Hi! I know some folks who ran it in 2015 and there's a fairly comprehensive blog about the trip:


https://believesteve.org/2015/11/23/peru-the-rio-maranon-part-1/


----------



## Issip (Apr 7, 2011)

*Advanced Logistics*

I ran the trip with Rocky's SierraRios group back in 2014 and had a great time. I would consider arranging all the logistics to be a pretty big challenge if I had to arrange everything myself. There are towns along the river where you could buy provisions, but arranging transport and planning for everything would have been a huge challenge as the river is in a very remote part of Peru where tourist infrastructure simply does not exist. Without excellent Spanish and perhaps even some local help or a lot of experience setting up self support trip in remote locations I'd be weary.

Here's the little video I made from the trip I took https://www.youtube.com/watch?v=5ibspcrlOrM

Good luck!!


----------



## Treswright3 (May 20, 2013)

This is my next dream trip, and Ive done some looking into it and my understanding is that taking the trip through Rocky is by far the way to go. And I wouldn't go as far as to say his trips are commercial, more like he sets up the logistics and gives you a guide/translator and you row your own boat and work around camp as if its a private trip. From what Ive heard, Rocky has done a lot of work down there and he gets permission from the local tribes and people to run the trips. Don't take my words as the authority on this subject, but when I go I plan on going through Rocky's service.


----------



## Issip (Apr 7, 2011)

*Tensions*

The previous comment had a good point regarding the work Rocky has done to smooth things with the locals. We stopped in Taupen, but it wasn't really an optional stop and we very well may have been detained by armed villagers if they did not know we were with Rocky.

There is tension as the proposed dams will destroy some of the villages you will pass, and the locals are not necessarily friendly to the dam survey crews, some of which had even tried to masquerade as one of Rocky's trips.

All the locals we met were very friendly, but the folks in Taupen took effort to confirm we were with Rocky. That is something I would be worried about if I were trying to run my own private trip.


----------



## mattman (Jan 30, 2015)

Thank you for posting video of your trip!

Friends of mine that ran the Marnon last fall, also talked about the issue of initially being confused with surveyors for the dam, once they realized my friends were not there to drown there home, and did not want the dam anymore then them, they were some of the nicest folks they had met.

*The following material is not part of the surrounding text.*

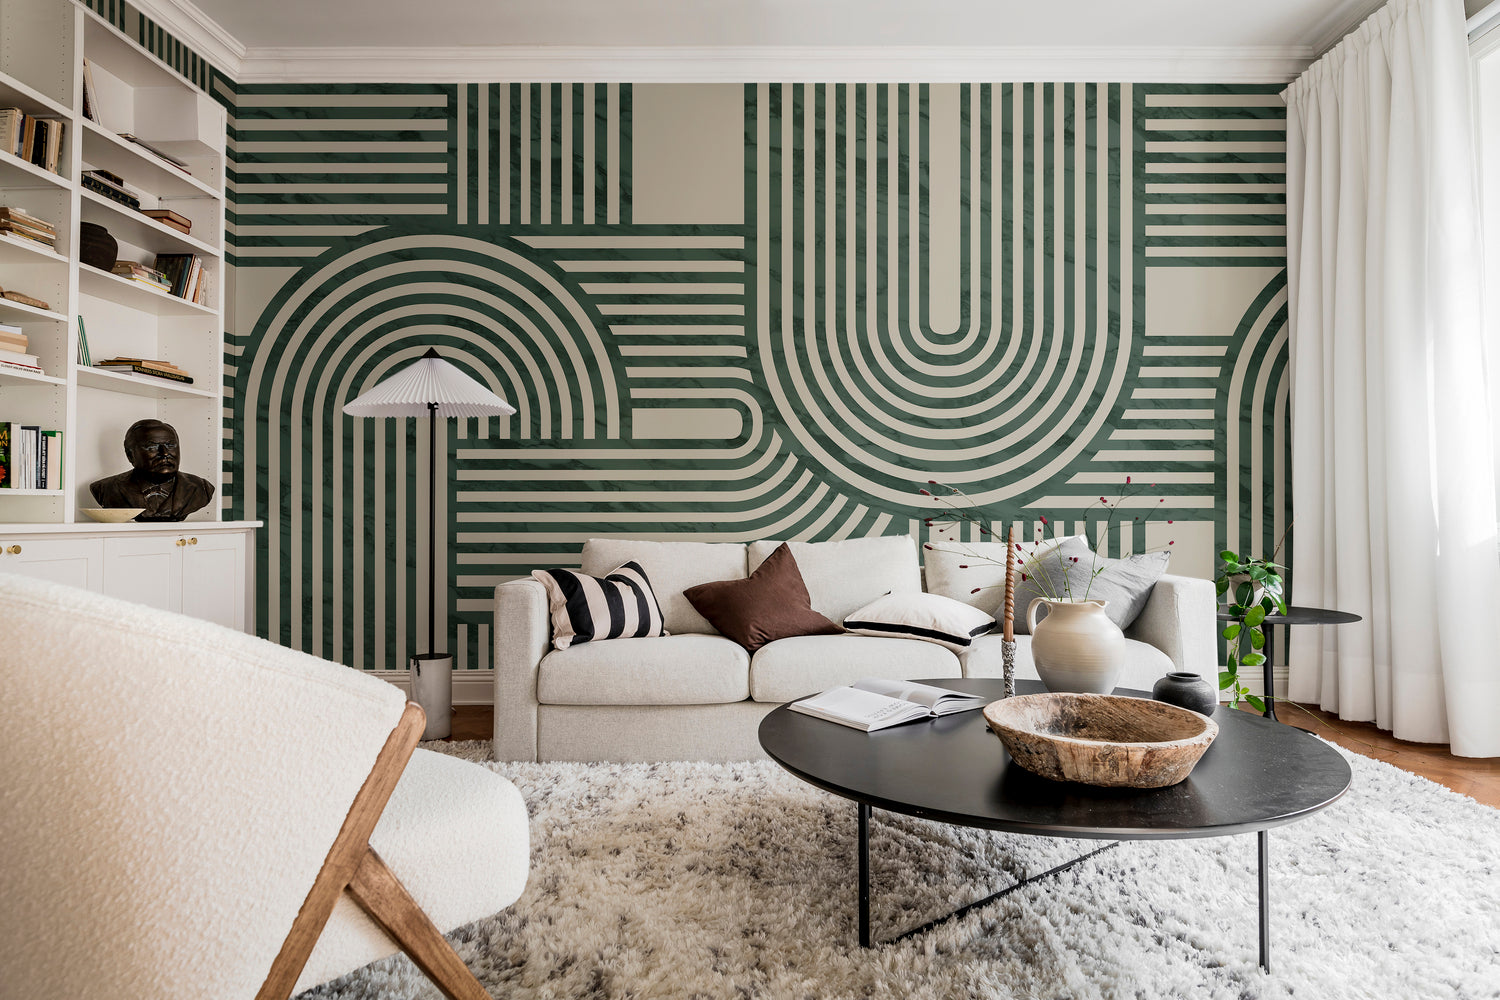 Stella Arch, Geometric Mural Wallpaper in living room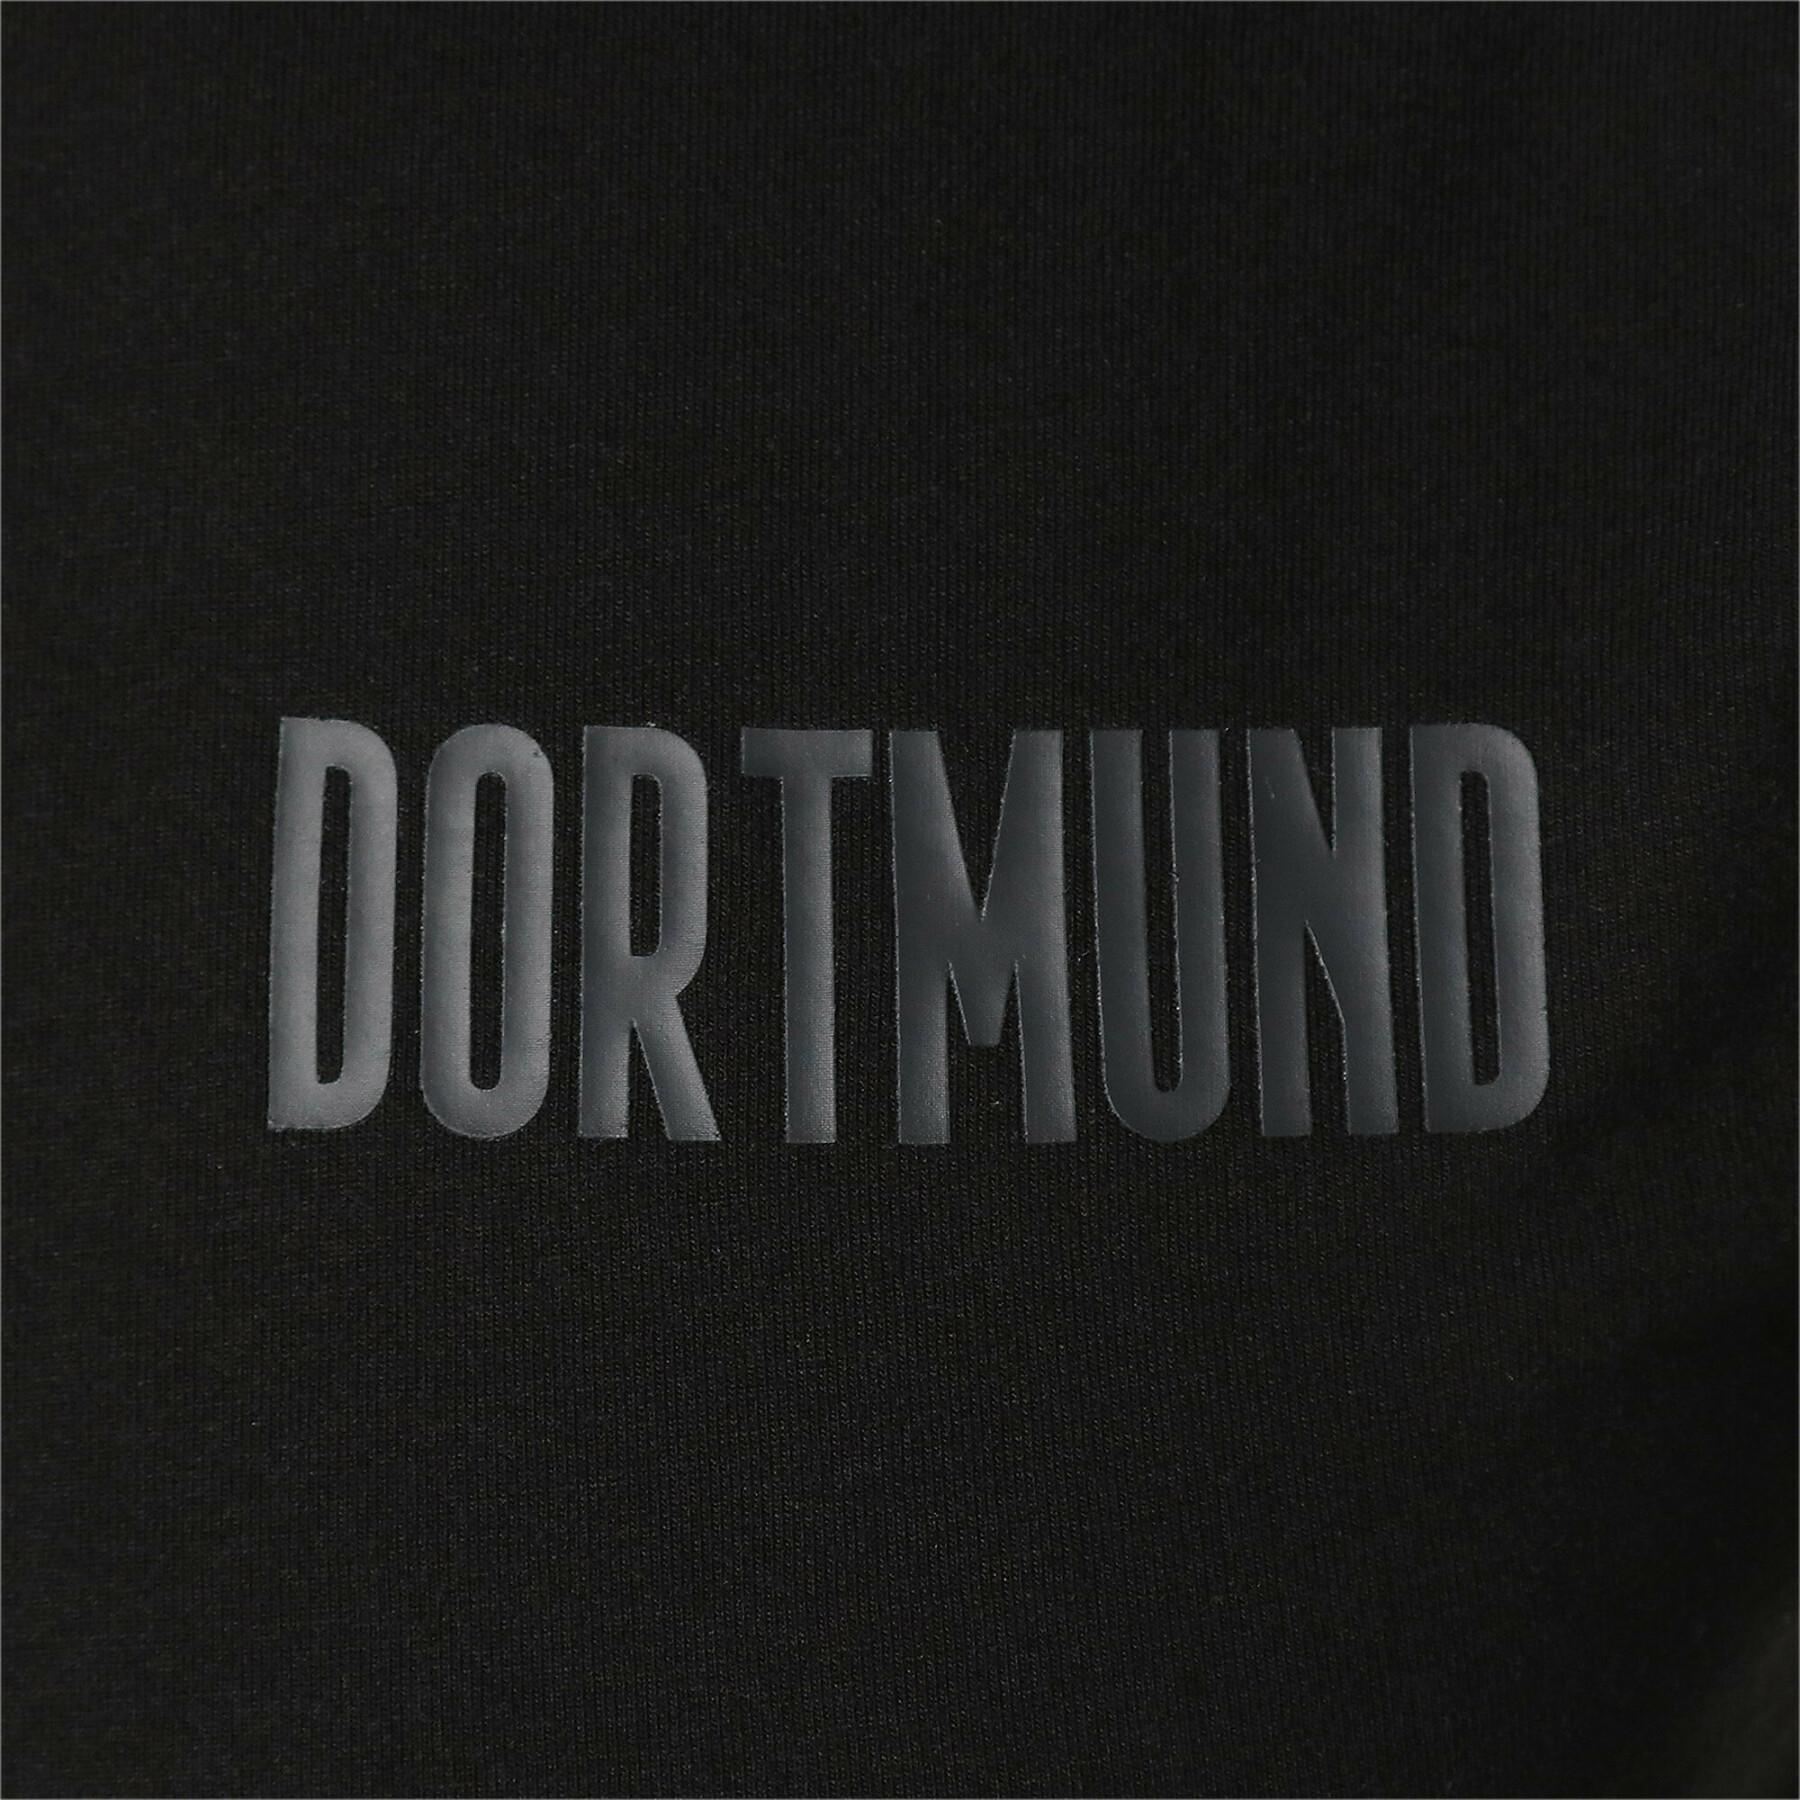 Maglietta Borussia Dortmund Evostripe 2021/22

Wish I could have pulled of going on that trip, reported to be the trip of a lifetime, and may soon be destroyed.


----------



## onefatdog (Oct 25, 2003)

Going with a guided service like with Rocky allows you to do the trip to Peru and back much quicker. If you have an extra week to spend figuring out logistics go on your own. It's not a hard run. If you don't have the time to deal with getting your shit together then use a service. But you're not simply going to be able to show up and put on without dealing with some prep work that the service is providing.


----------